If Gruden felt empowered enough to say that in an email to an executive from another team while working for the network that broadcasts NFL games, it was because he knew that he was among like minds. 

It also exposes the fact that the NFL’s corporate culture, despite all of the virtue signaling it does through performances of the Black National Anthem, slogans on endzones and on the backs of helmets, and talk of equality, shows no respect for the group of mostly Black men who make them money.

(It also shows that Kaepernick settled his collusion suit against the league a little too soon, but we can talk about that later.)

Another marginalized group disparaged by Gruden’s emails was the LGBTQ community. NBCNew.com in September reported a survey by the Williams Institute at the UCLA School of Law reported 46% of LGBTQ workers experienced some form of unfair treatment in the workplace. 

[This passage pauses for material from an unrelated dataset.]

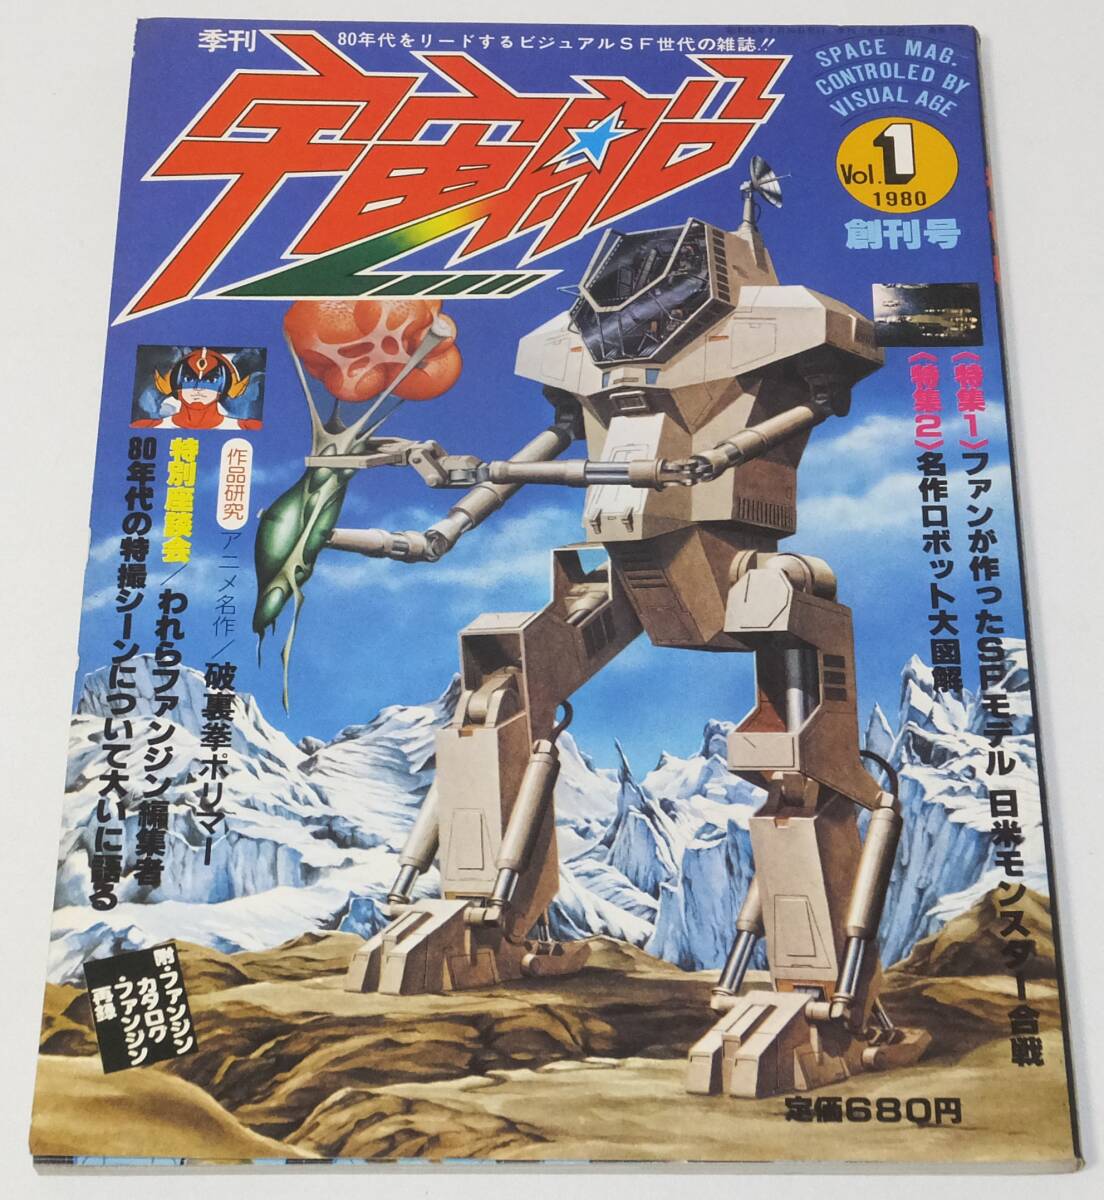 ★季刊 宇宙船 Vol.1 1980 創刊号 朝日ソノラマ★の画像1

Outside of the workplace, LGBTQ people are also victims of violence. In 2017, the non-profit group, the Anti-Violence Project, reported a record high of 52 murders of LGBTQ people with 70 percent of those victims were people of color.  

According to the website, goodjobsfirst.org (https://www.goodjobsfirst.org/sites/default/files/docs/pdfs/BigBusinessBias.pdf), 99% of Fortune 500 companies have paid settlements in discrimination or sexual harassment lawsuits.

When I was working for the Philadelphia Tribune 14 years ago, I interviewed a former NFL player who told me that the reason league owners were reluctant to hire African Americans as head coaches was because they didn’t want them to be the “face of the franchise.” Having to market the team using a person of color would have felt too much like equality. 

Gruden’s emails against people of color, women and LGBTQ are a reflection of a long-standing culture of bigotry and discrimination in the NFL and the wider corporate community. It’s in the best interest of the sport to unhinge and dismantle this mentality before it’s too late.